We further determined the influence of CO content on the combustion efficiency of coke breeze only. It was assumed that the CO in the suction gas was completely combusted into CO₂ during the sintering, then, the newly generated CO₂ could accelerate the gasification of carbon. Figure 2(b) shows that the adjusted combustion ratio decreases from about 17.9% to 17.2% when the CO content increases from 0 vol% to 3 vol%. Moreover, the residual carbon contents in the sinter ores sampled from the upper, middle and bottom sinter bed were detected. It was found that the average residual carbon decreased from 0.20 mass% to 0.13 mass% with increasing the CO content from 0 vol% to 3 vol%. Thus, both the reduced combustion ratio and residual carbon content demonstrated that the increase of CO content in the suction gas improved the combustion efficiency of coke breeze to a certain degree, leading to over 3 vol% CO₂ emission (in Fig. 1(b)).

3.2. Effect of CO₂ Content on the FGCS Process

3.2.1. Effect on Sintering Indexes

The effect of CO₂ content in the suction gas on the sintering indexes was also given in Table 1. As the CO₂ content in the suction gas changes from 0 vol% to 14 vol%, the VSV increases gradually, while Y and P decrease slightly.
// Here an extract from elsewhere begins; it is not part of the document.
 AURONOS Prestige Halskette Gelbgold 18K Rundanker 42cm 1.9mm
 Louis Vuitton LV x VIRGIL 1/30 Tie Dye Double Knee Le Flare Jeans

It is notable that the TI is declined sharply when the CO₂ content exceeded 5 vol%. When the CO₂ content is increased from 5 vol% up to 14 vol%, the TI is decreased from 47.0 mass% down to 41.7 mass%, which indicated that increasing the CO₂ content over 5 vol% was disadvantageous to improve the sintering indexes.

3.2.2. Effects on CO_x Emissions

Figure 3 displays the emission rule of CO and CO₂ content in the fuel gas at different CO₂ contents. With an increase of the CO₂ content from 0 vol% to 14 vol%, the CO content was increased by a small amount of 0.2 vol% (in Fig. 3(a)), meanwhile, the CO₂ content in the flue gas added synchronously to some degree with an increase of CO₂ content in the suction gas (in Fig. 3(b)).

Fig. 3.

Changing rules of CO content (a), CO₂ content (b) and adjusted combustion ratio (c) of the outlet flue gas in CO₂ circulation sintering.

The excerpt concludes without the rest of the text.